– Папенька! Папенька!– закричала она, взбегая по лестнице.
На ее крик сбежались сестры и брат.
– Что случилось?– выбежал из спальни встревоженный отец.
– Маменька погибла!
Евдокия вцепилась в грудь Бориса и разрыдалась. Отец схватил ее за плечи.
– Где она?!
– В поле! Герцог не шевелится! Красавица ускакала! А маменька лежит, не двигаясь! И кровь на камне!
– Иван! Готовь коляску! Выдвигаемся немедля!– крикнул он сыну.
Спустя минуты они добрались до того места, где лежала Александра. Конь, буквально до смерти любимый графиней, умирал рядом со своей хозяйкой.
Борис выскочил из коляски.
– Сын! Не смотри в глаза ей!
Силком он заставил Ивана отвернуться.
– Папа, я должен увидеть!
– Глаза ей закрою и увидишь!
Муж направился к телу жены. Он сел на траву, закрыл ее веки ладонью. Его дрожащие губы повторяли немую молитву. Герцог в эти самые секунды испустил дух.
– Папа!– позвал Иван.
– Иди сюда!
Пока мужчины разговаривали посреди поля, Евдокия сидела в коляске, опустив голову. Волосы закрывали лицо. Только б не посмотреть туда. Нервно девушка теребила в руках платок с рисованными васильками. Внезапно она замерла. Мамина рука…

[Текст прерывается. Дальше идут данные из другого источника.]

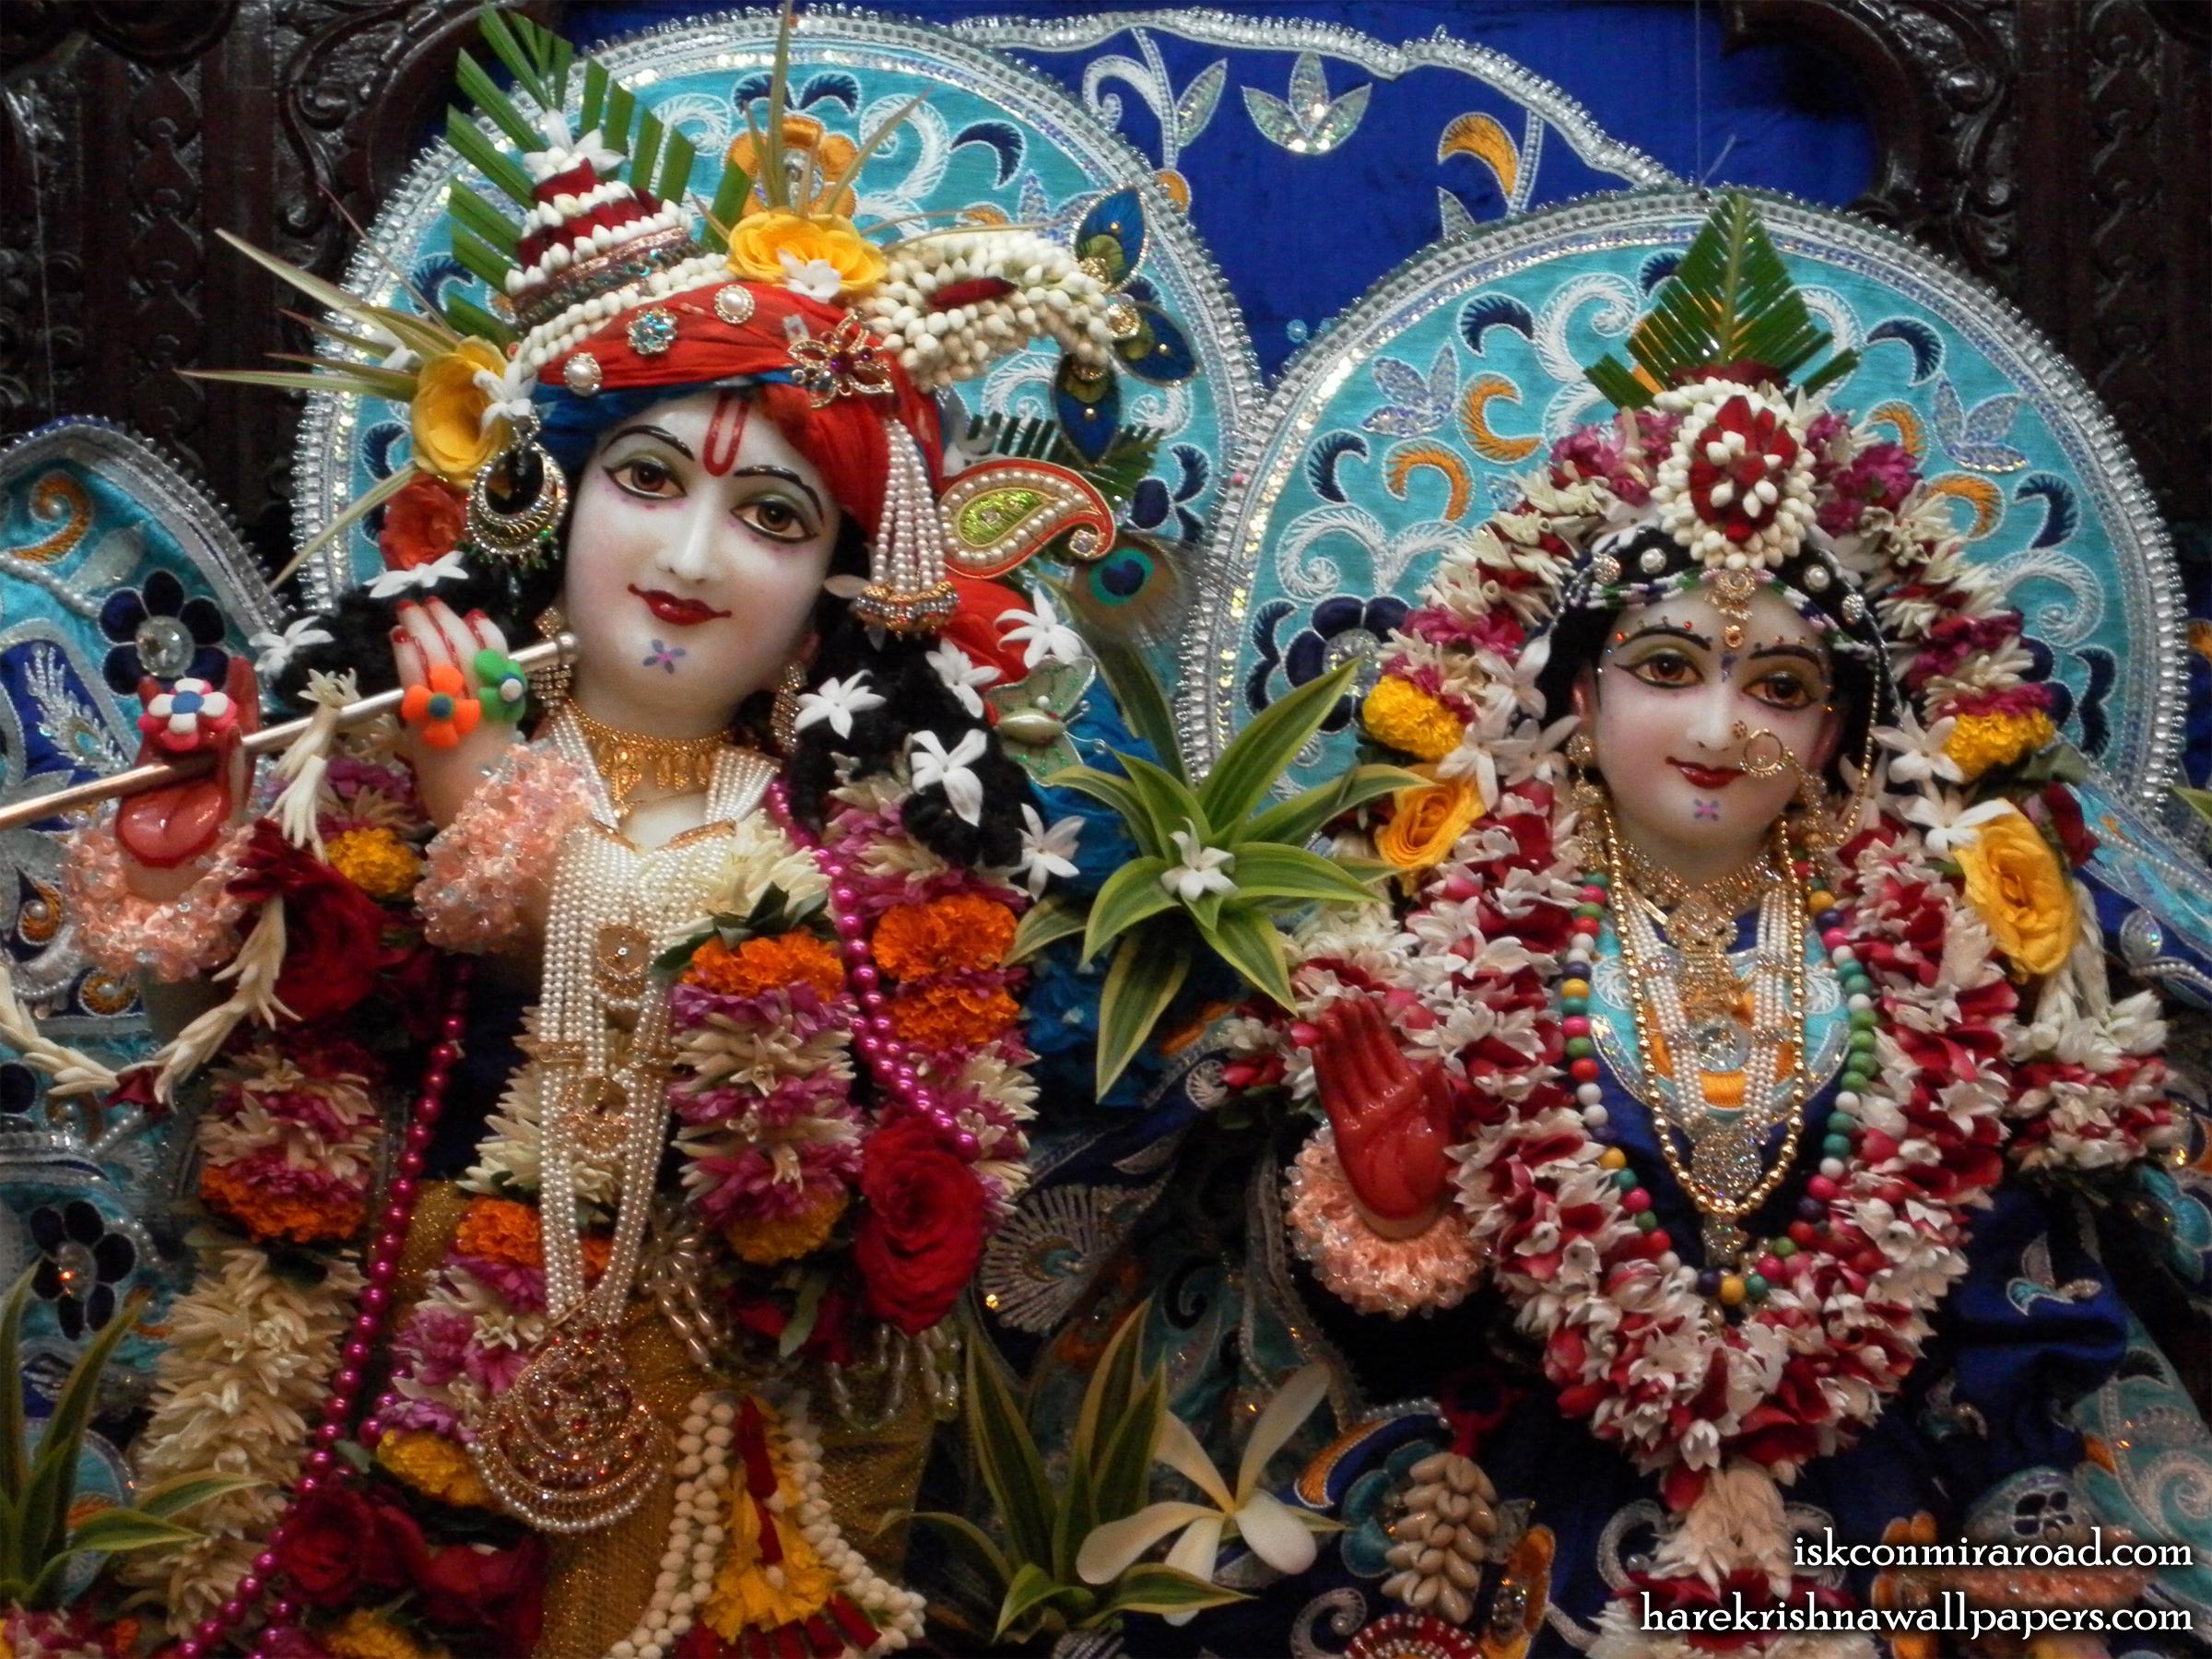 Sri Sri Radha Giridhari Close up Wallpaper (014) Size 2400x1800 Download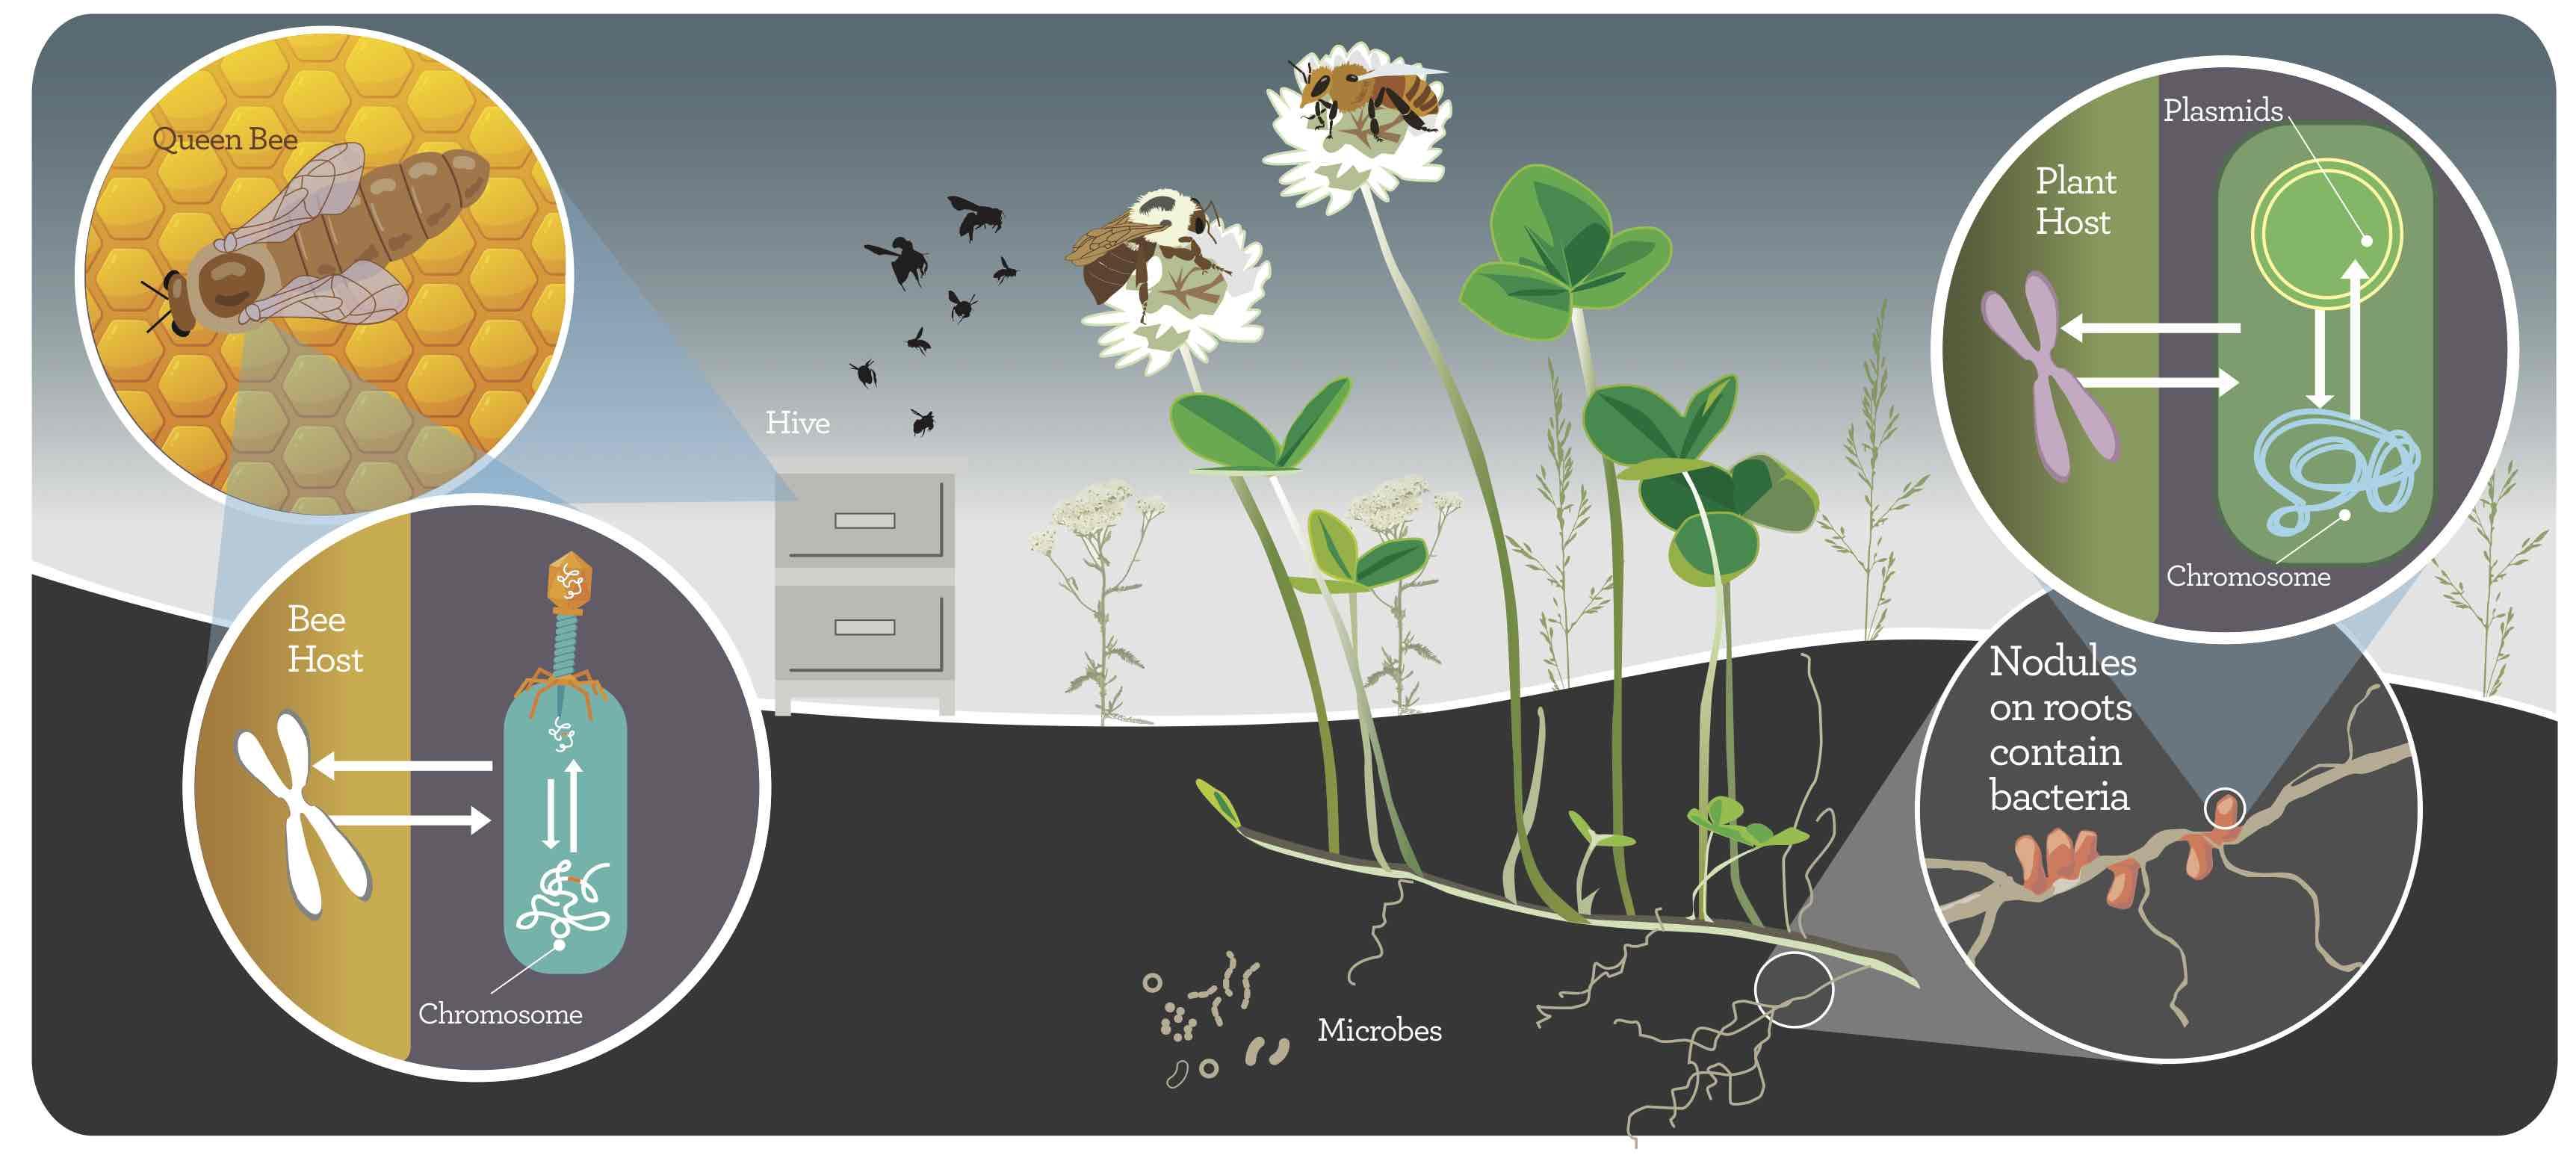 Symbiosis to reintegrate biology

Глаза Евдокии широко раскрылись от ужаса. К платку тянулась пожелтевшая рука матери. Она узнала ее по перстню с синим камнем. Мать схватила платок. Она начала дергать его на себя, пытаясь отобрать. Девушку бросило в жар. На коже выступили красные пятна.
– Подними глаза,– шептала мать.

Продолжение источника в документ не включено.